Но Марта уже забыла о ручье. Она совсем наклонилась к воде. Взгляд её сосредоточивается на тысяче маленьких рыбок, похожих на тысячу черных булавок, спасающихся во все стороны. Он следит за листком тополя, листком ивы, которые крутятся в водовороте, за их тенью, идущую перед ними в глубине воды, или за водяным пауком, скользящим посреди кругов, которые все расширяются вкруг него. рассматривая дно реки, взгляд её теряется в беспредельной глубине, где сплетаются ветви и сучья, погребенные в окаменевшей тине. Взор её устремляется в камень или в пестрое дно, где что-то точно бьется в сети. Он скользит по этим водорослям, которые шевелит течение, он задумчиво останавливается на кучках желтых или почерневших листьев, которые годами лежат таким образом…

– Берегись, сейчас будет толчок, – кричит Шарль.

– Ничего, опасности нет.

Это ободранная ива, подымающаяся над водою, прямая и белая как кость.

Лодка повертывает и снова открывается лазурный ковер и солнце сверкает и трепещет в воде точно витой огненный столб.

– Смотри!.. Смотри же!

И оба наклонившись глядят, как дети погружают в воду разбитый графин, чтобы поймать маленькую рыбку. Солнце сверкает на стекле графина, и освещает бледным светом пробку из картофелины, а внутри то появляются, то исчезают серебряные нити: это маленькие пленники стеклянной темницы.

Когда Марта и Шарль подымают головы, им кажется, что они видят иллюминацию какого-нибудь сада в гареме, лампочки в чашах с цветами: это блистающие от солнца желтые и красные георгины, брошенные в воду из городского сада. Они уже против большего чашкового дерева, склонившегося над камнем для мытья белья, и вот перед ними город с его колокольней, цинковые крыши, утопавшие в темной зелени садов, балконы с зелеными перилами, выходящие на Сену, рыбные садки, наполовину поднятые над водою, барки с отражением, прыгающим вдоль них, точно веревка, ударяющая по воде.

Лодка поворачивает. Они возвращаются. Тень подымается вдоль деревьев.

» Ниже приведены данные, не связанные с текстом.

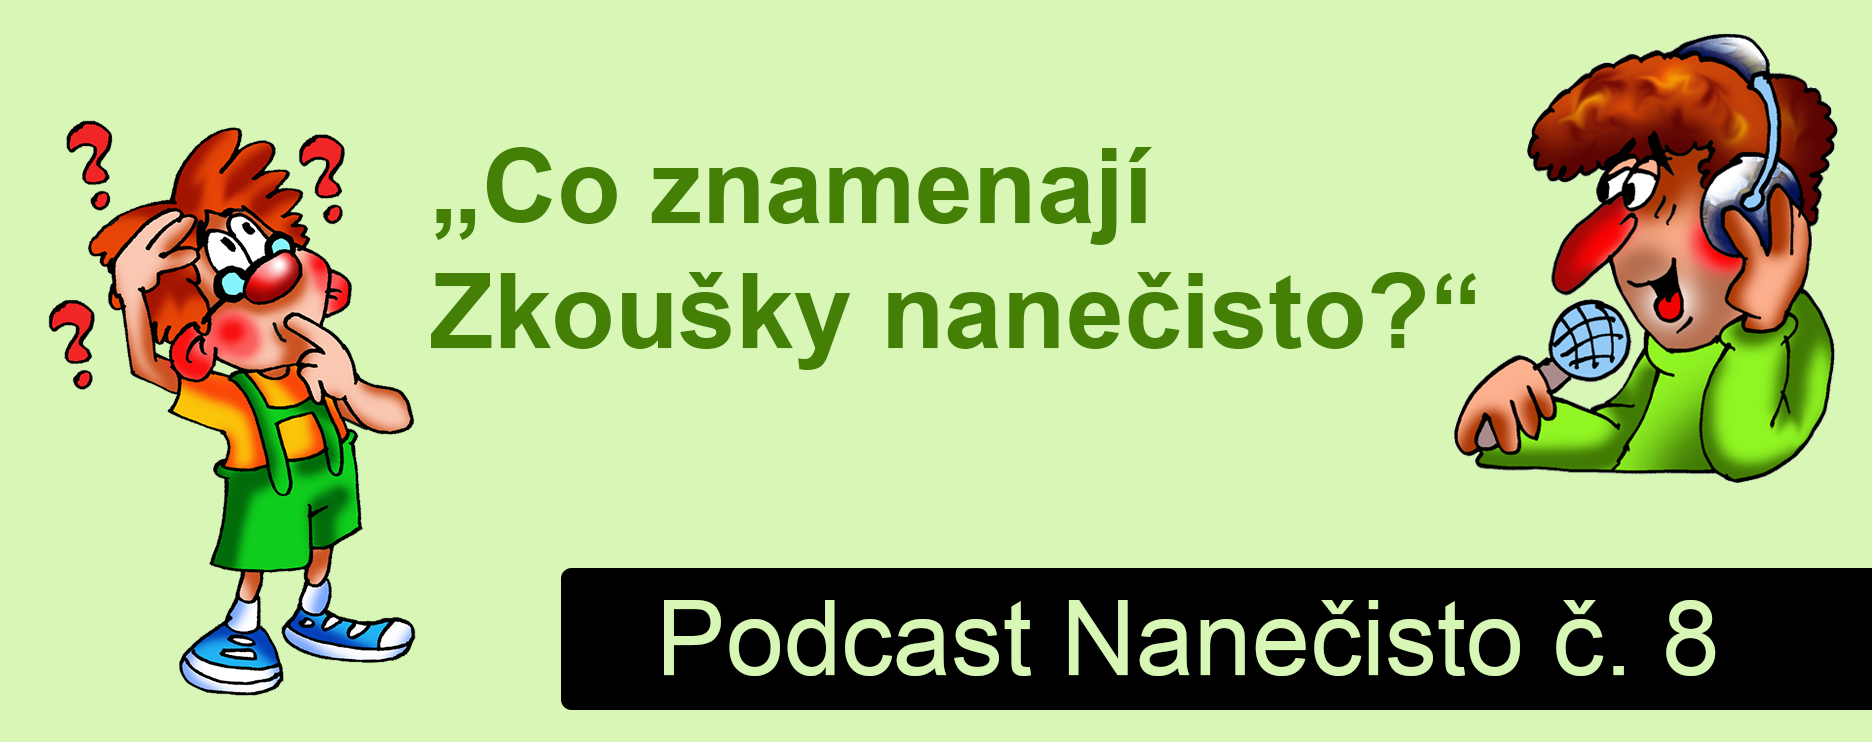 Podcast Nanečisto 8. epizoda

Зелень, отражающаяся в воде, бледнеет и пропадает. Тростники колеблются в лиловатом тумане. Глубины речные зеленеют и принимают глухой оттенок. Вдоль по воде нет уже более яркого света, только верхушки отдаленных тростников, да некоторых высоких тополей освещены еще, и глядятся в потухнувшее зеркало реки. Проехав ряд молодых тополей, выделяющих свои беловатые стволы на розовых тенях, подымающихся с земли, лодка задевает изгородь ив, выросших из обрезанных стволов, и сгибает их низкие ветви, усеянные трясогузками, которые улетают парами, преследуя друг друга и задевая белыми хвостами спящую воду. Ночь начинает надвигаться. Шепот тополей и ив умолкает. Шум воды затихает, тогда как вдали, на дороге, слышен скрип телеги. Холм над городом имеет теперь вид темно-лиловой стены, над которой подымается голубоватый дым от испарений домов. Небо делается бледно-зеленого цвета, потом розового и постепенно переходит в голубой цвет над головами Шарля и Марты. Тень набрасывает на воду свинцовый покров, в котором молодой месяц отражает свой серебряный серп.

LXII

Но это развлечение скоро приелось. Это было все одно и тоже, говорила Марта; и она принялась скучать, преувеличивать, драпироваться в свою скуку с тем уменьем, которое составляет секрет её пола. Она то принимала неподвижные позы, то углублялась в молчание и впадала в глухоту, неумолимую глухоту замечательно разыгранную, когда слух как бы испуганно пробуждается при вторичном повторении вопроса. И вместе с тем она говорила, что очень довольна, очень счастлива, даже очень весела и решительно отказывалась покинуть Сен-Совёр раньше окончания лечения Шарля. Шарлю становилось лучше. Уже два дня как он принялся немного работать, когда войдя днем в Марте он нашел ее в пеньюаре.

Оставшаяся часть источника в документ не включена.